この方法は、生物学的サンプルにおけるキチナーゼ活性を定量化するより効果的な方法を可能にする。チチナーゼ活性は、多くの状態および疾患における診断および治療効果のための良好なマーカーとして役立つことを示している。チチナーゼ活性の測定のための以前の方法は、多くの場合、時間がかかり、実行することが困難であった、ここで示すアッセイによって解決された両方の問題。
この技術は、チチナーゼ活性を測定しやすくすることで、診断および治療マーカーとしての潜在的なチチナーゼを満たすのに役立ちます;例えば、チチナス活性が効果的な治療中に減少することが示されているので、ゴーシェ病の治療を監視するために使用することができます。まず、アッセイ用の基板、規格、およびソリューションを準備します。原稿の指示に従って1x McIlvainバッファーを調製し、キチン基板をそれぞれ500マイクロモルに希釈するために使用します。
4-メチルウンベリフェロン、標準、停止バッファー内の0.1ミリモルの濃度に溶解し、標準的な曲線ストック溶液を作成します。10サンプルごとに、1x McIlvainバッファーの2.17ミリリットルをキチン基板の100マイクロリットルと混合して、作業溶液を作り、96ウェルプレートの各ウェルに95マイクロリットルの作業溶液を作ります。テストサンプルを5マイクロリットルずつ各ウェルに加え、作業溶液に混ぜます。
プレートを覆い、5秒間振り、37°Cで15分間インキュベートして酵素反応を起こす。一方、4-メチルウンベリフェロンのストック溶液を希釈して5マイクロモル作動標準溶液を作り、原稿に従って一連の希釈を調製して標準曲線を作成する。5マイクロモル濃度から始め、各希釈をよく混ぜます。
インキュベーション後、各ウェルに200マイクロリットルのストップバッファーを加えて反応を停止します。各規格の300マイクロリットルの複製を同じプレートに加え、360ナノメートルの励起と455ナノメートルの放出でプレートを読み取ります。このプロトコルは、野生型の気管支肺胞洗浄および血清液中のキチナーゼ活性と、トランスジェニックマウスを過剰発現するキトトリシダーゼの測定に成功した。

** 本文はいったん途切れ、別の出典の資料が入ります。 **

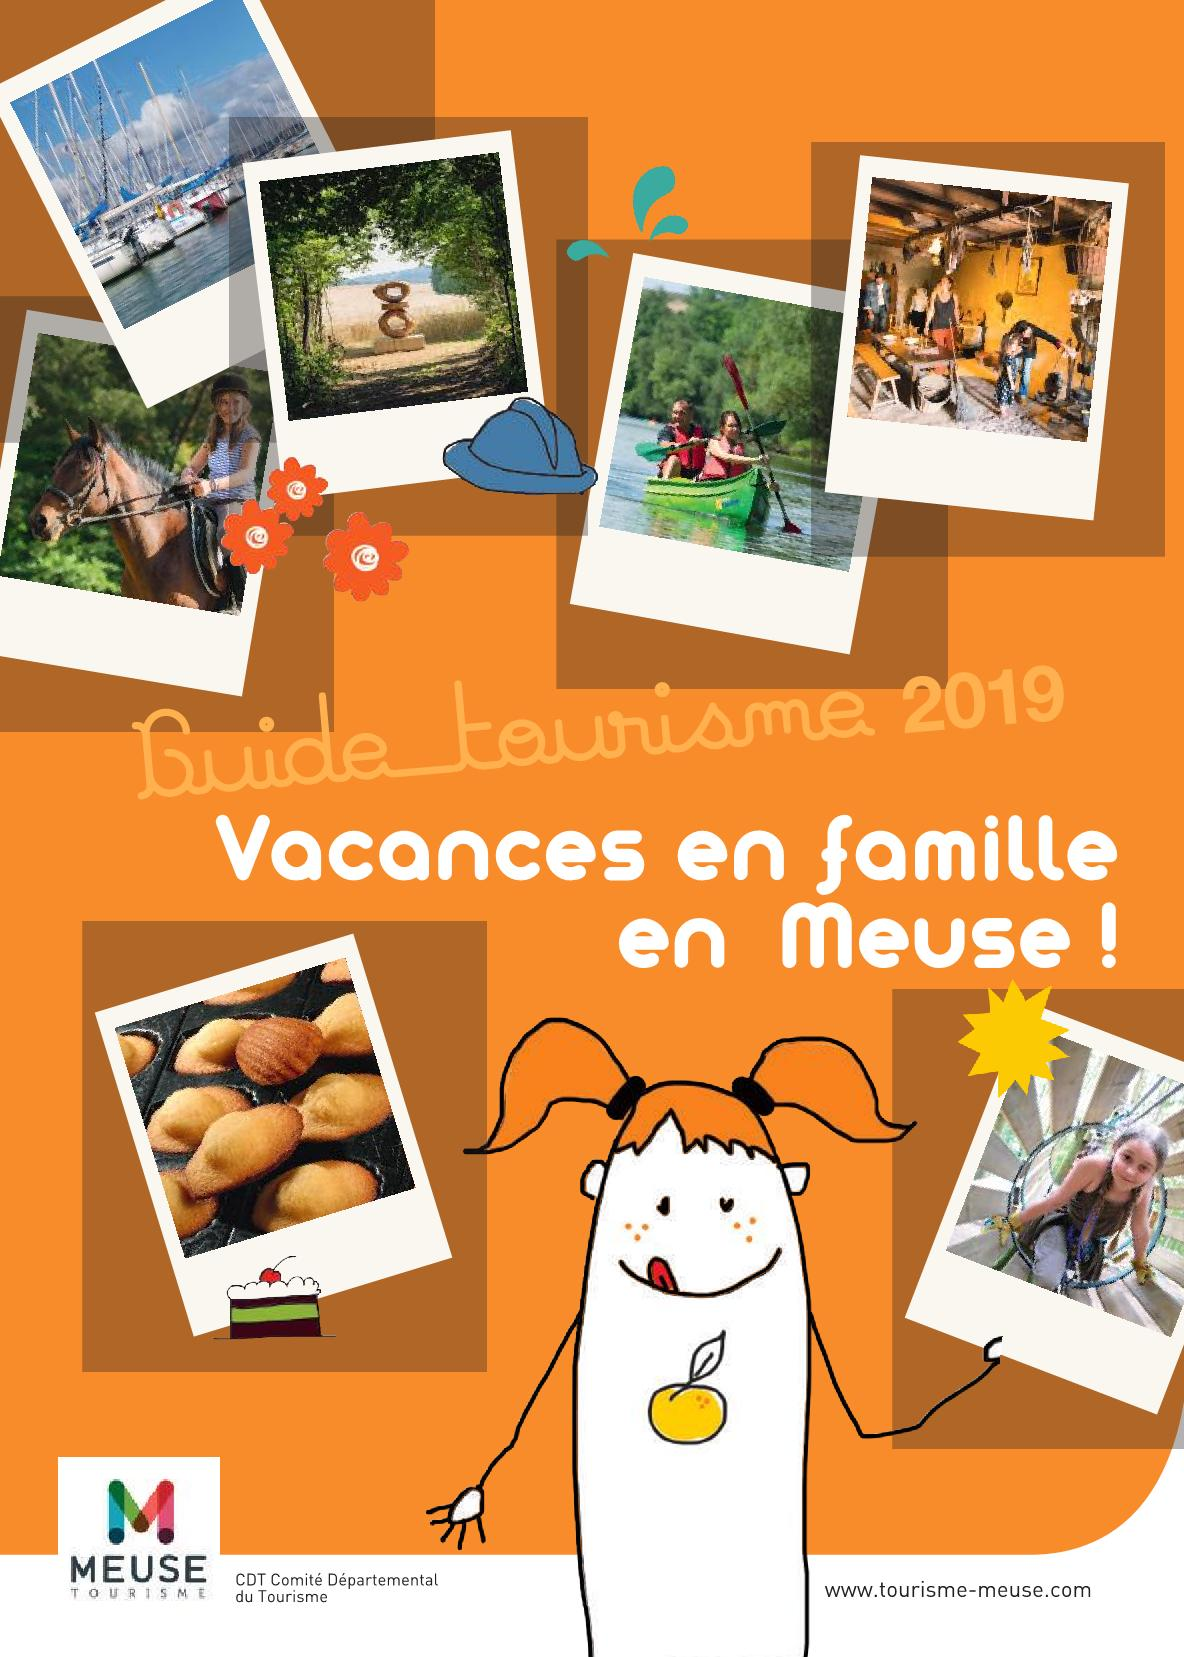 Vacances en Famille en Meuse 2019

このアッセイは、マウスにおけるCHIT-1遺伝子の過剰発現が、チチナーゼ活性の増加をもたらすことを確認する。サンプルの蛍光に基づいてキチナーゼを決定するために標準曲線を使用した。最初にプロトコルを試みる際に覚えておくべきことは、完全に混合しながら、できるだけ迅速かつ効率的にサンプルを追加することです。
最初に開始する場合、インキュベーション期間が短いため、測定の精度を確保するために、1回の実行あたりのサンプル数を減らすことが有益な場合があります。